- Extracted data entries
■ ■ ■ ■ ■

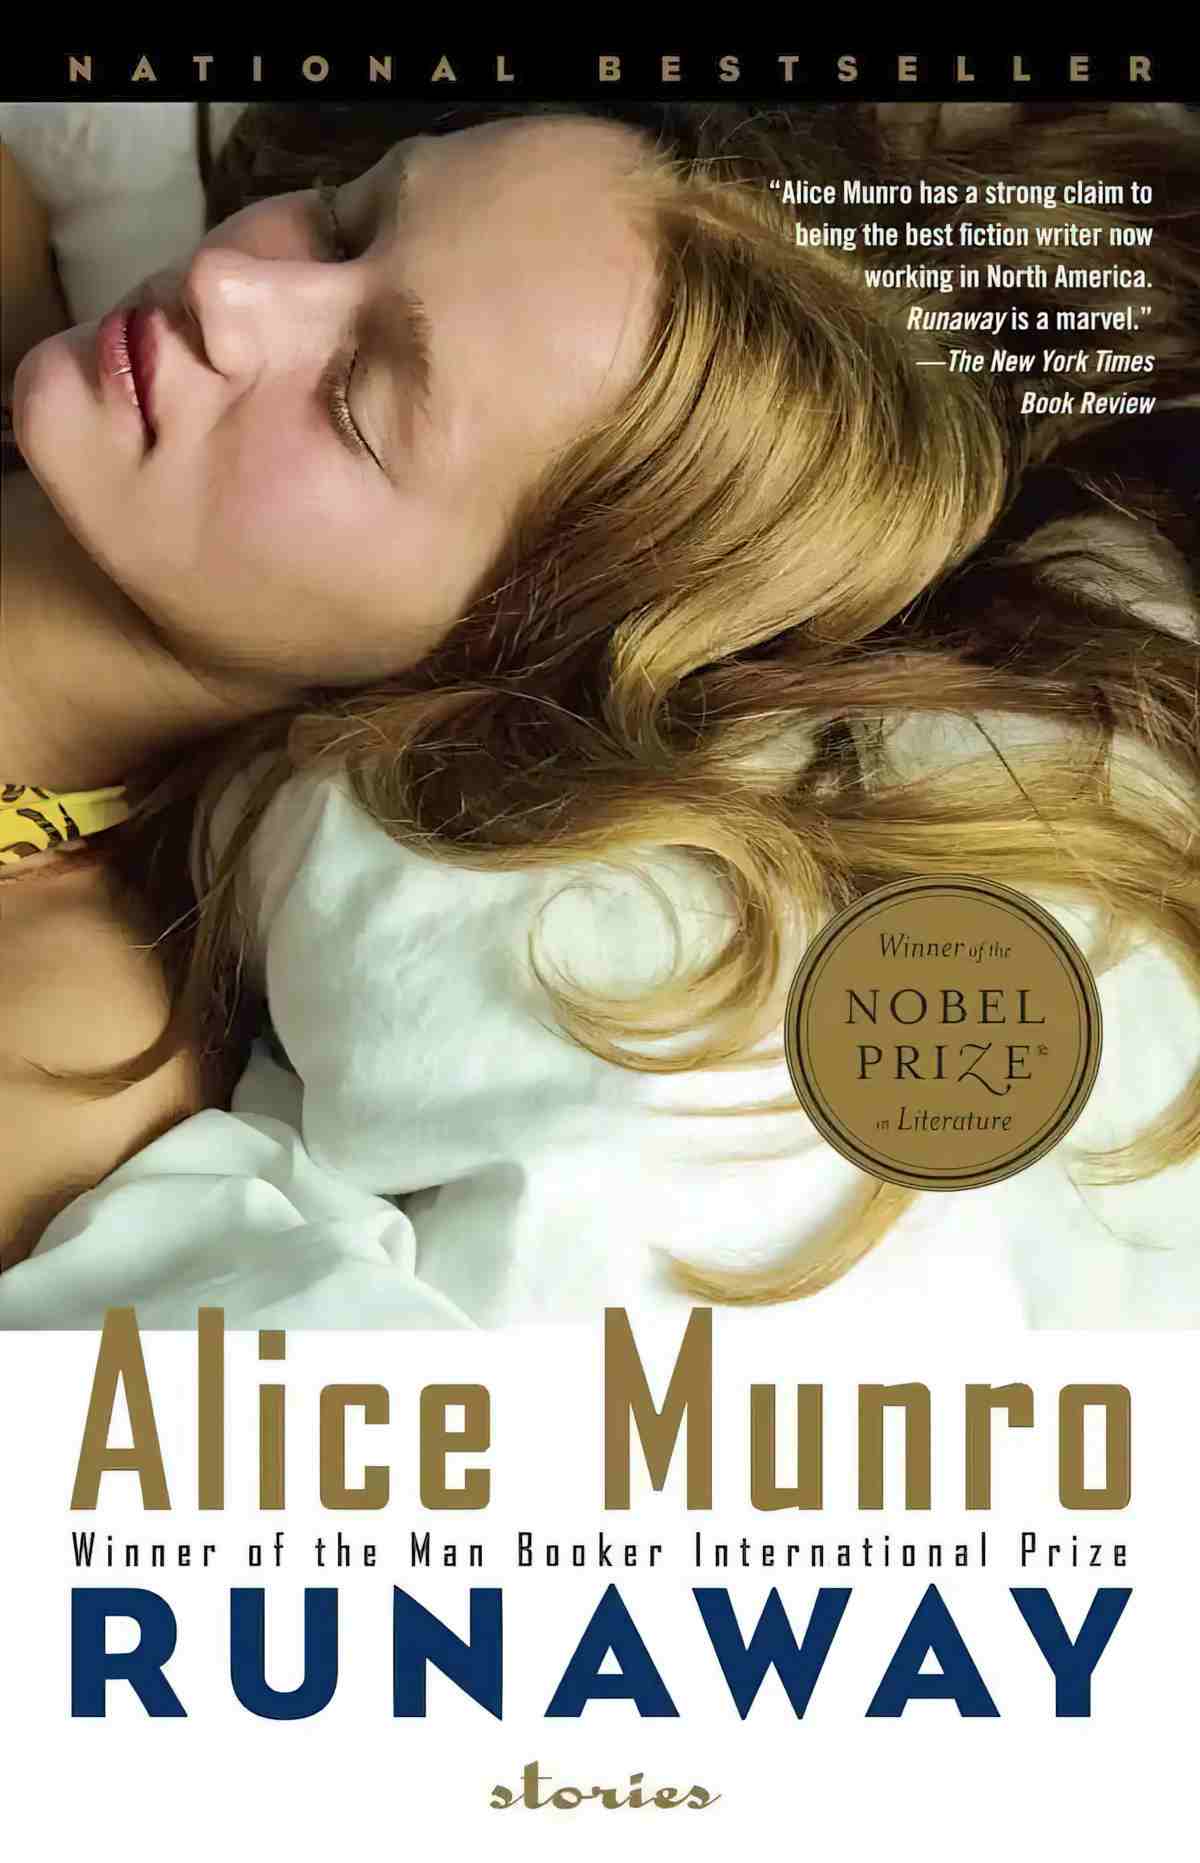 Runaway by Alice Munro Short Story Short Story Analysis
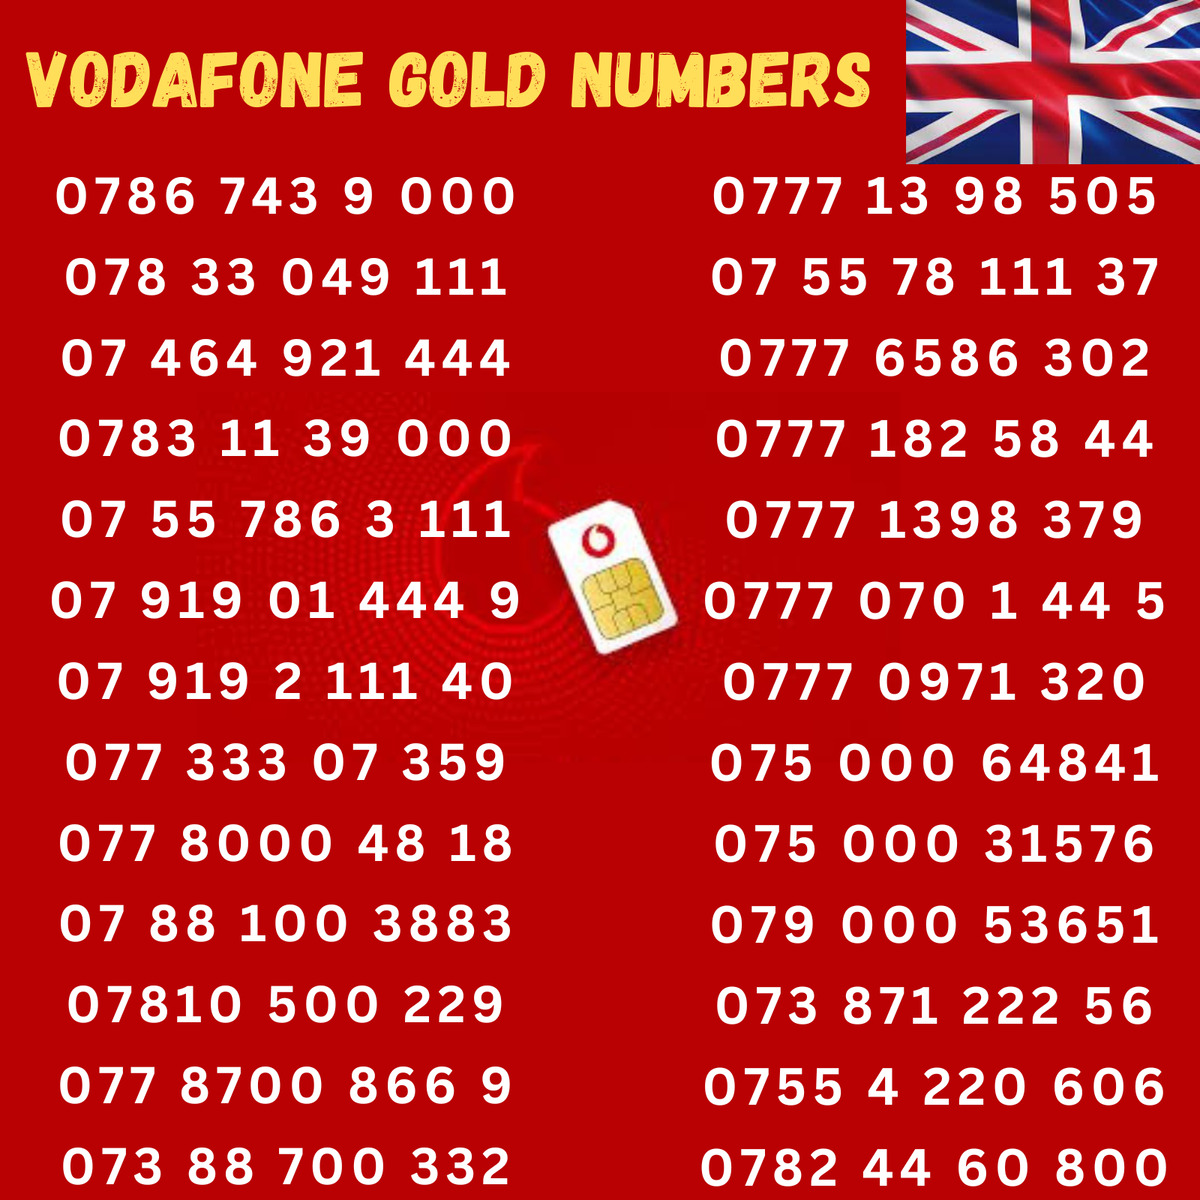 vodafone gold number
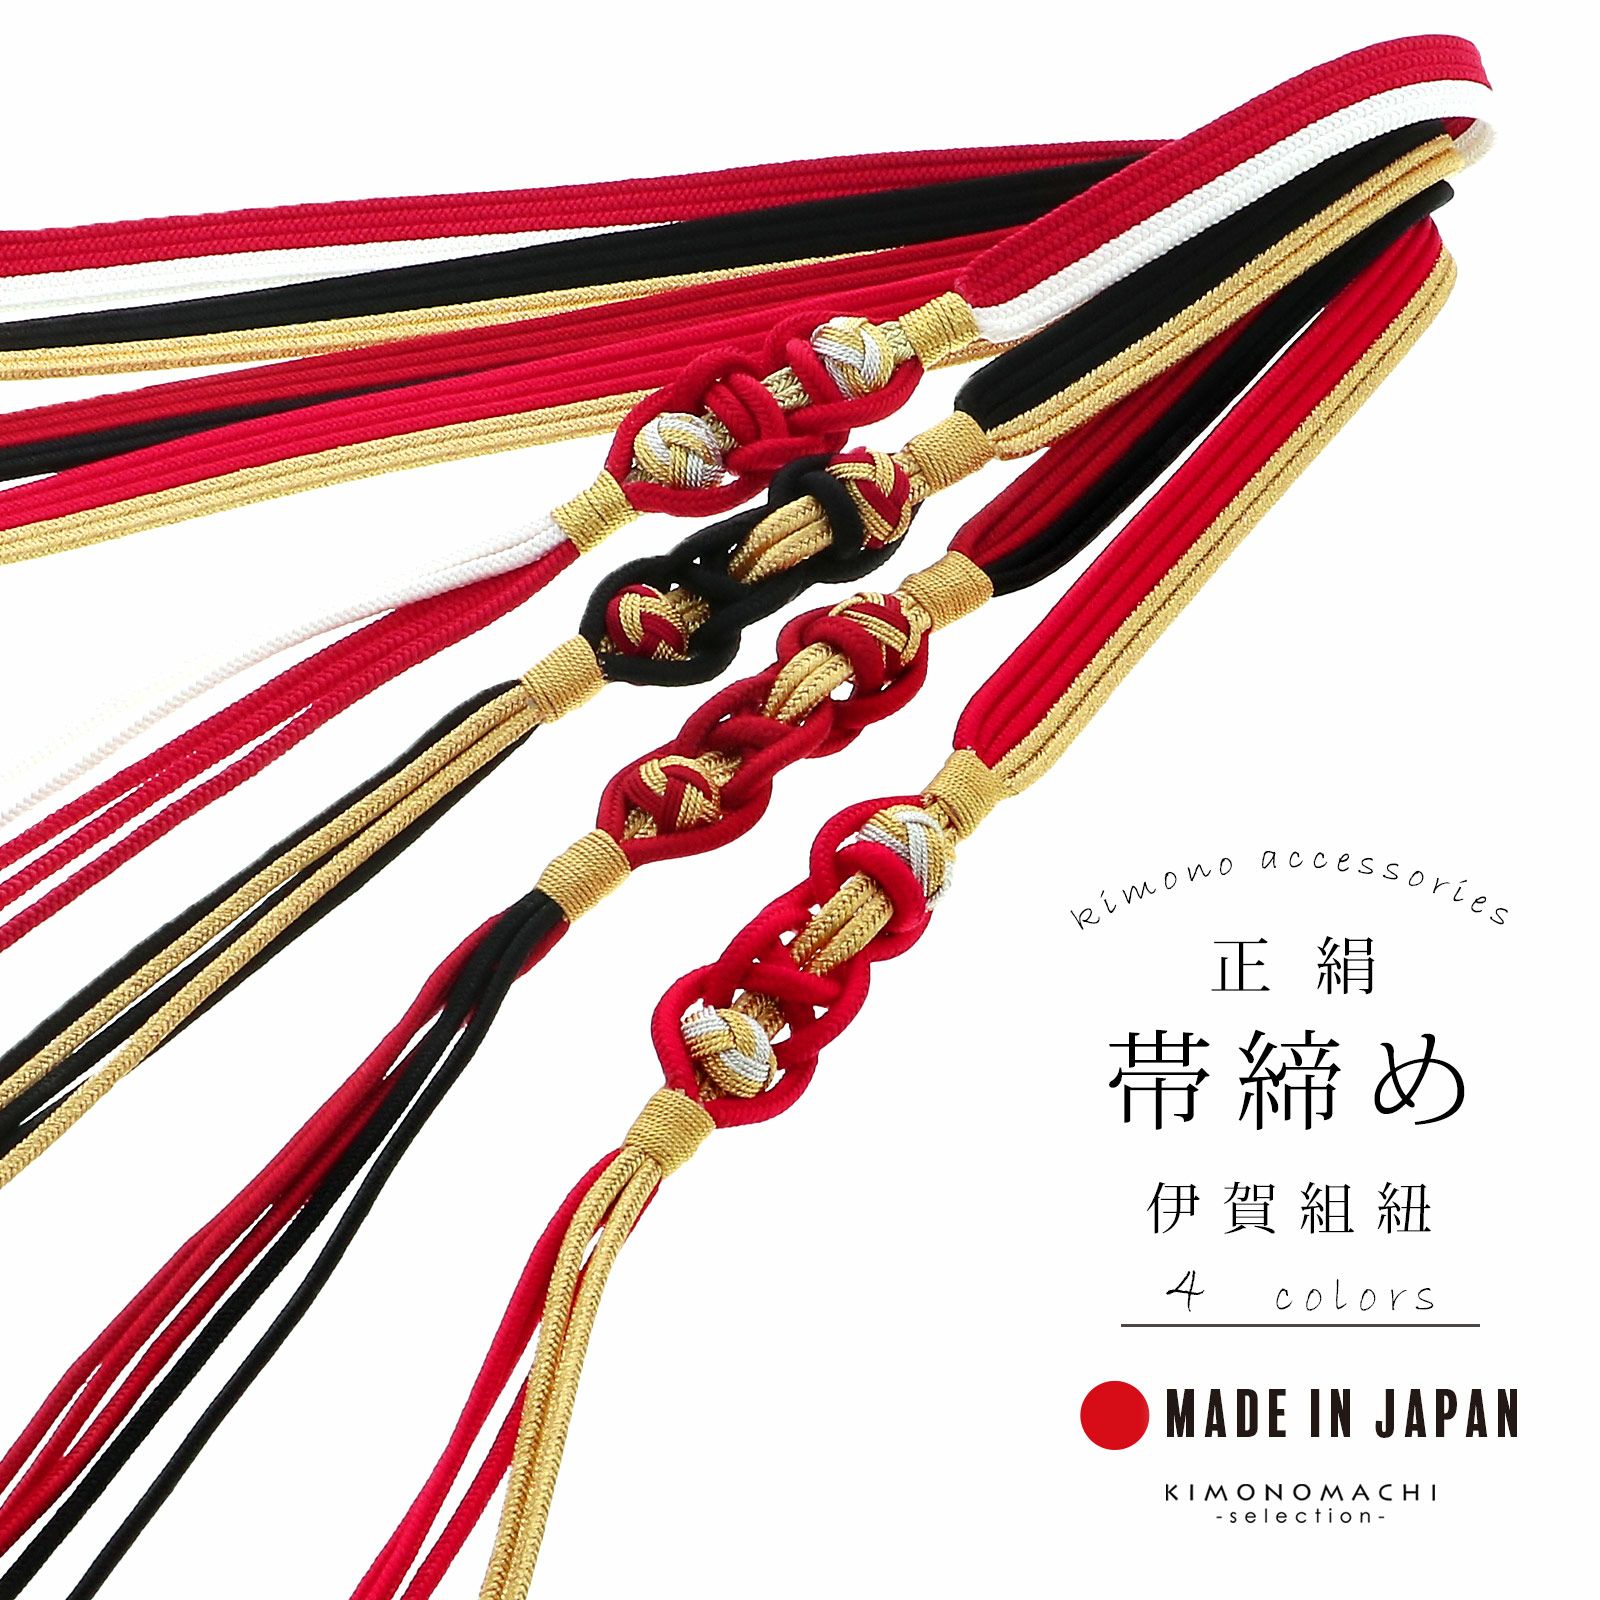 帯締め 伊賀組紐 振袖用 正絹 「赤×金・黒×金・赤×黒・赤×白」 日本製
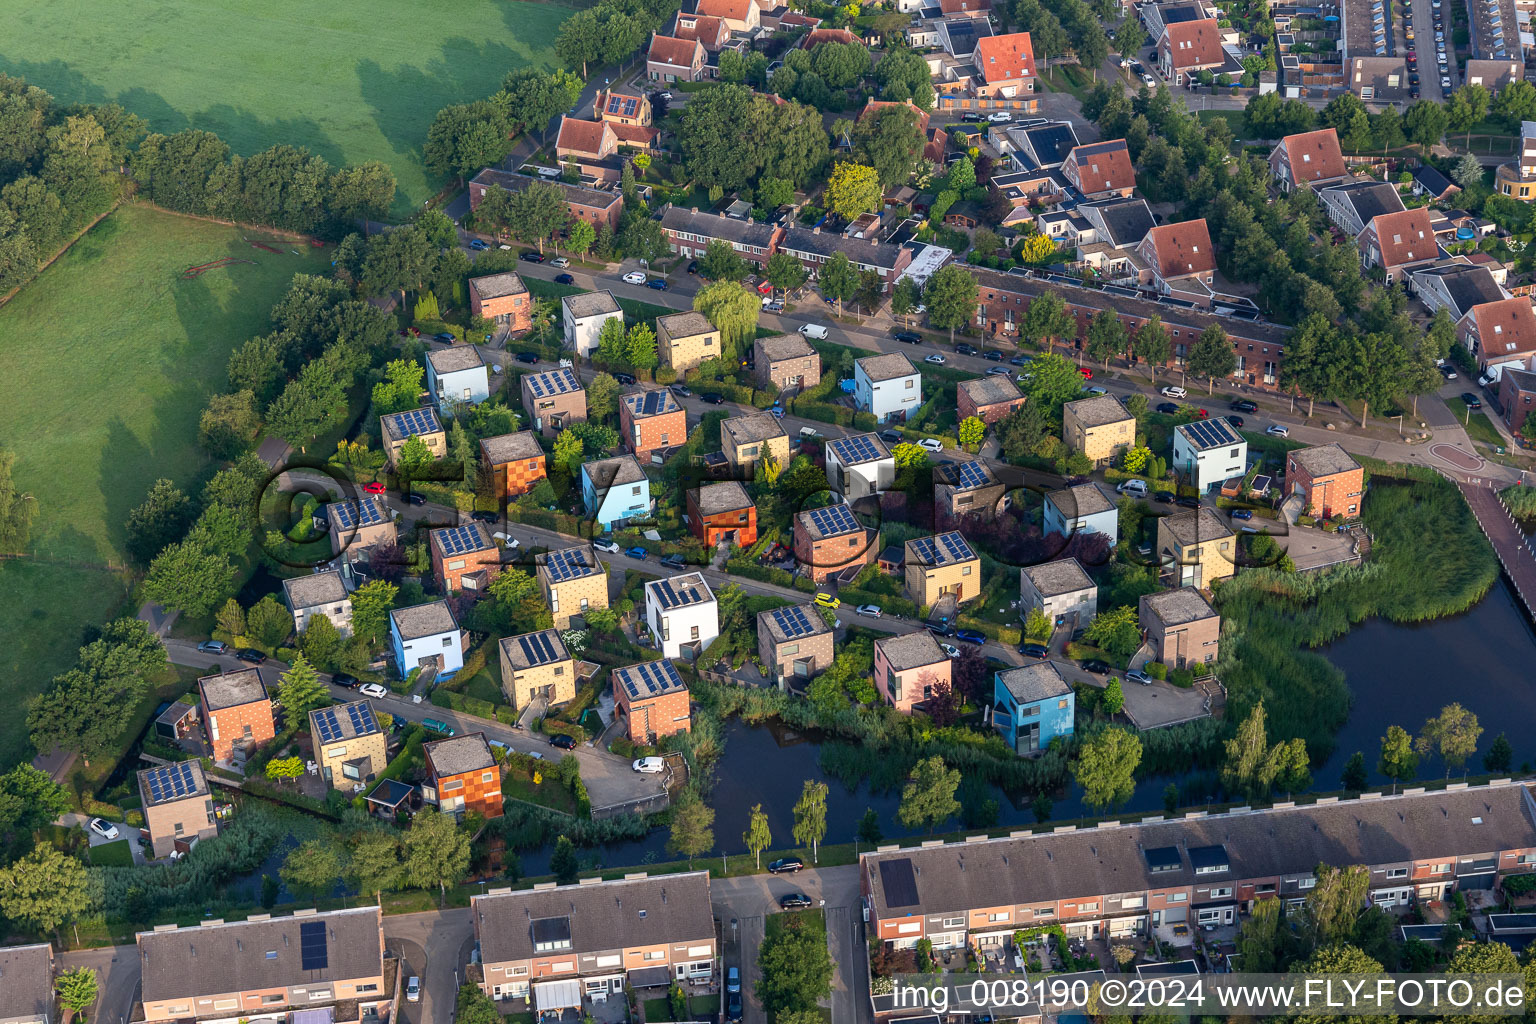 Luftbild von Wohngebiet mit bunten, kubusförmigen Design Einfamilienhäusern in einer Einfamilienhaussiedlung im Grünen am Wasser in Enschede in Overijssel, Niederlande
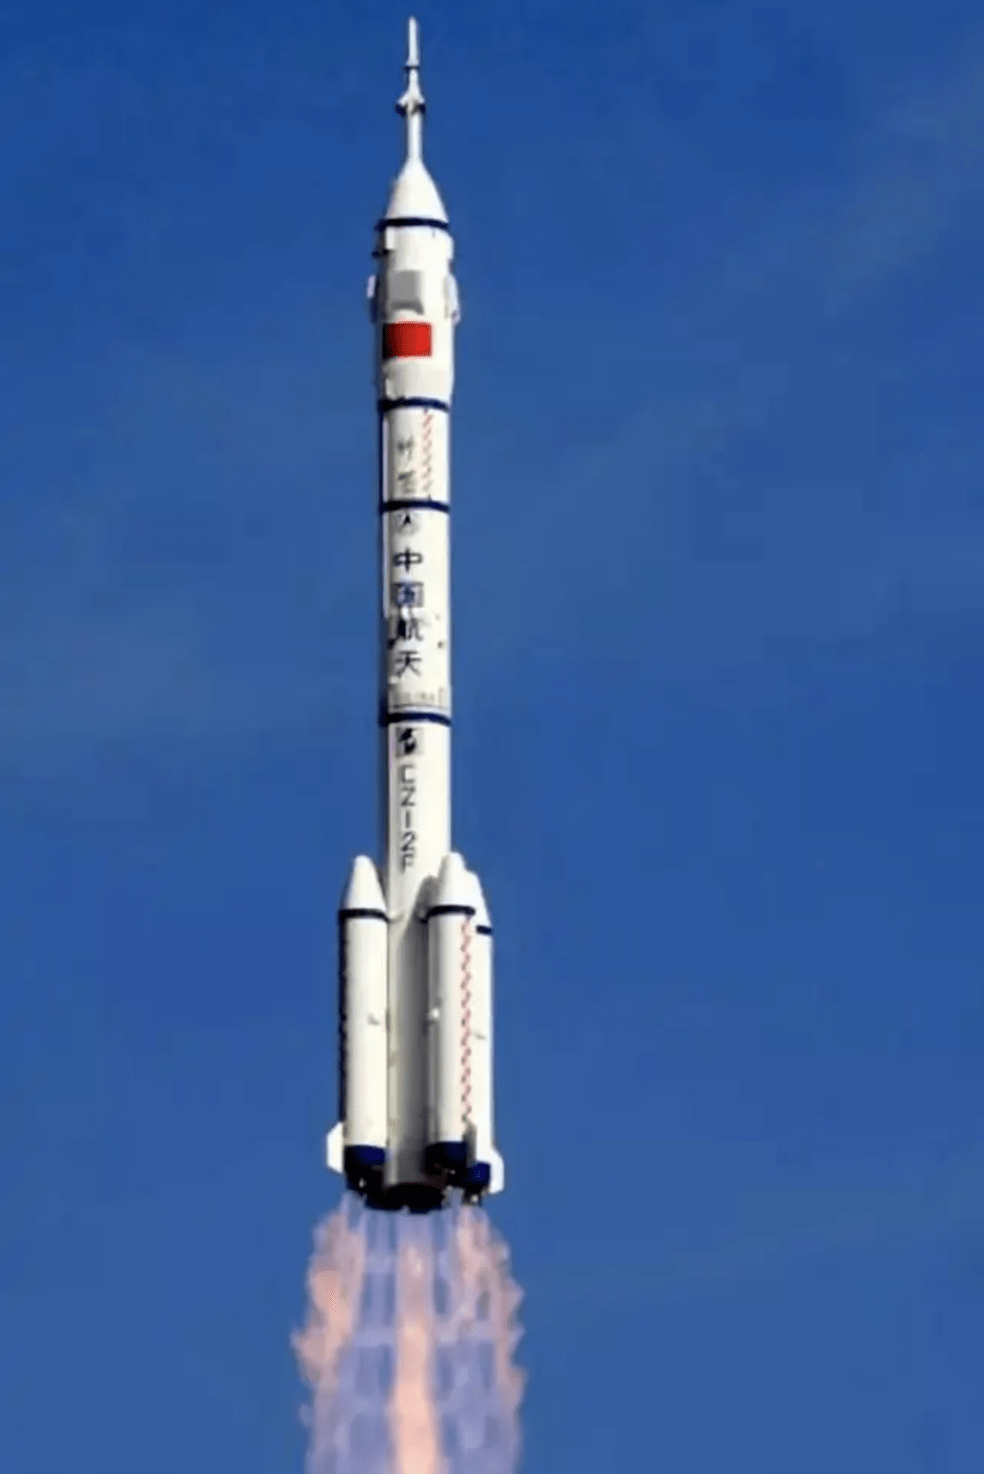 2013年6月11日17时38分  运载火箭: 长征二号f遥十火箭  发射地点

■ ■ ■ ■ ■

Without the pictures, give all the records above again exactly.

- ANSWER SPACE
 Runaway by Alice Munro Short Story Short Story Analysis
 vodafone gold number
 帯締め 伊賀組紐 振袖用 正絹 「赤×金・黒×金・赤×黒・赤×白」 日本製
 Luftbild von Wohngebiet mit bunten, kubusförmigen Design Einfamilienhäusern in einer Einfamilienhaussiedlung im Grünen am Wasser in Enschede in Overijssel, Niederlande
 2013年6月11日17时38分  运载火箭: 长征二号f遥十火箭  发射地点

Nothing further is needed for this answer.